Law and War are Not the Same

Bush understood this idea, and so, by some appearances, does Obama. But he has not been permitted to admit his understanding by his base. In the New York Post, Robert Turner of the Center for National Security Law lets the cat out of the bag:



Indeed, detaining enemy combatants for the duration of hostilities without charge or trial is a long-recognized and lawful practice. Thus, the United States held more than 400,000 German POWs (and many Italians, too) at detention camps spread across 40-plus states -- without lawyers, charges or trials -- until World War II ended.
Before citing the 1949 Geneva POW Convention, critics should be aware what they actually say. Article 84 states: "A prisoner of war shall be tried only by a military court." And Article 97 says: "Prisoners of war shall not in any case be transferred to penitentiary establishments (prisons, penitentiaries, convict prisons, etc.)." [Emphasis added in both cases.]

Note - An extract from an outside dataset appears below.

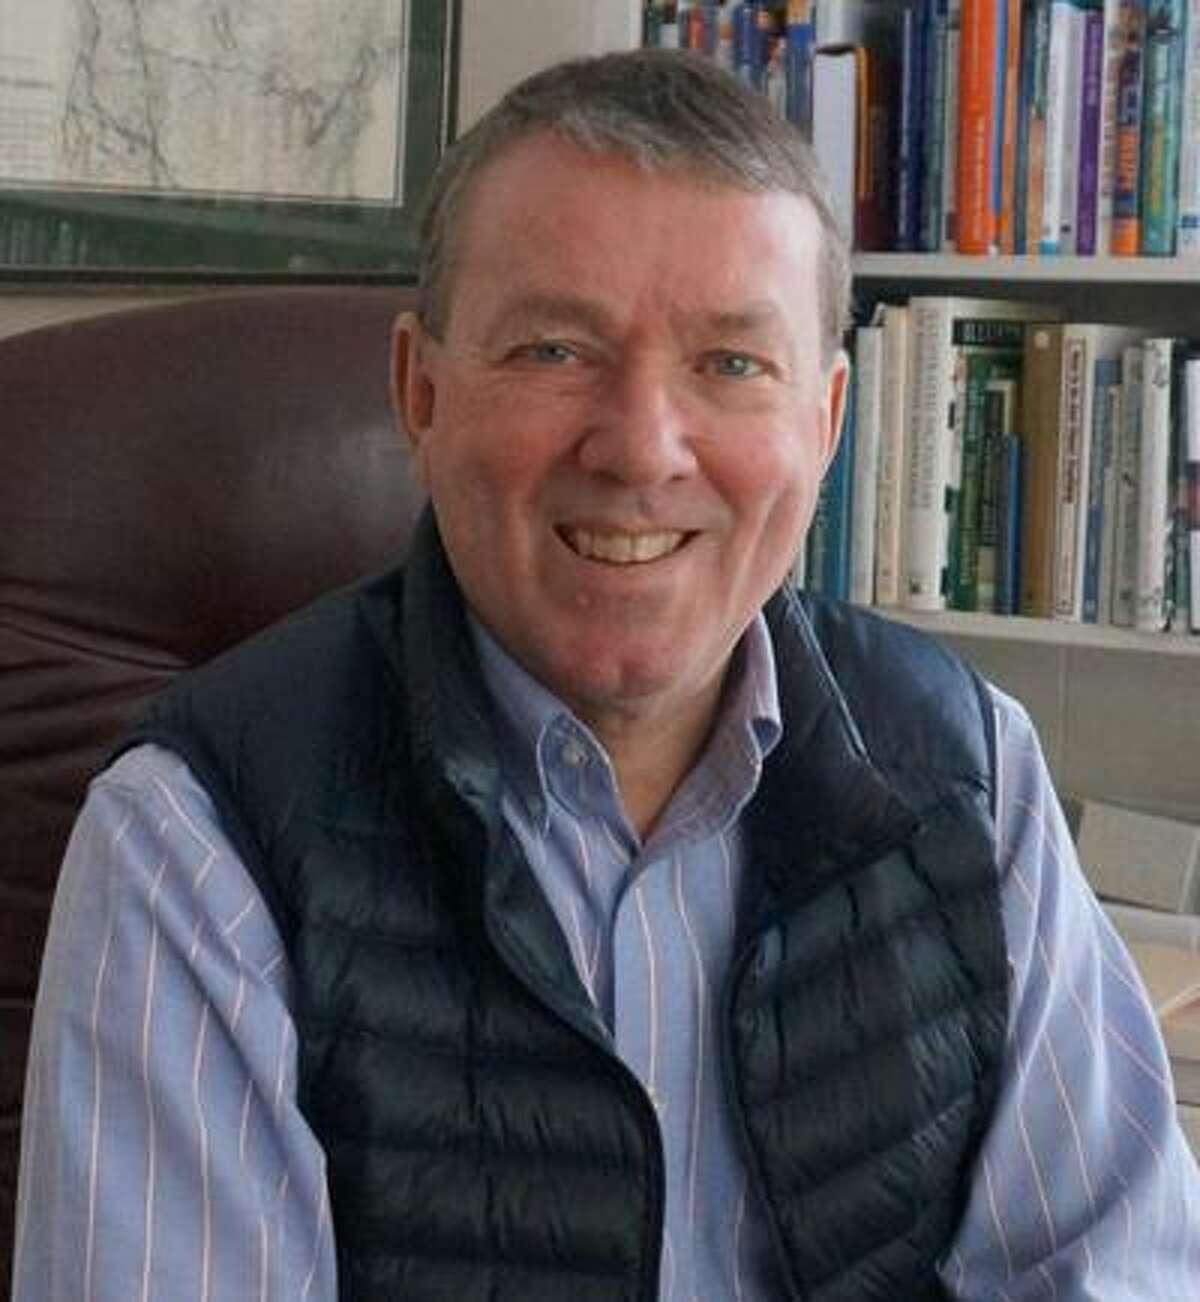 Richard Creeth

To engage in war is not a criminal act. Al-Qaeda and others declare themselves to be at war with the United States. We are respecting their position by detaining them until such time as a) their belligerence is no longer considered a threat, or b) the cessation of hostilities. That the military authority should make these determinations is entirely just and appropriate, unless you operate from the assumption that soldiers are nothing more than blood-crazed robots incapable of exercising human judgment.

But that is not the worst of it:

But a different issue ought to concern the ACLU: Civilian trials of these terrorists run a real risk of contaminating our own legal system.
For starters, such trials should plainly proceed in accordance with the applicable rules of international law -- rules that do not include the full panoply of protections provided by the Bill of Rights (which doesn't even apply fully to our own armed forces), Miranda warnings or our exclusionary rule.
Nor should we risk setting a precedent by holding the trials under US criminal law: Would we want some future Adolf Hitler or Saddam Hussein to have the right to try captured US soldiers under their domestic criminal laws?
In other words, bringing terrorists into the legal system will cause the legal system to become more warlike, and less free. The irony, it is supreme.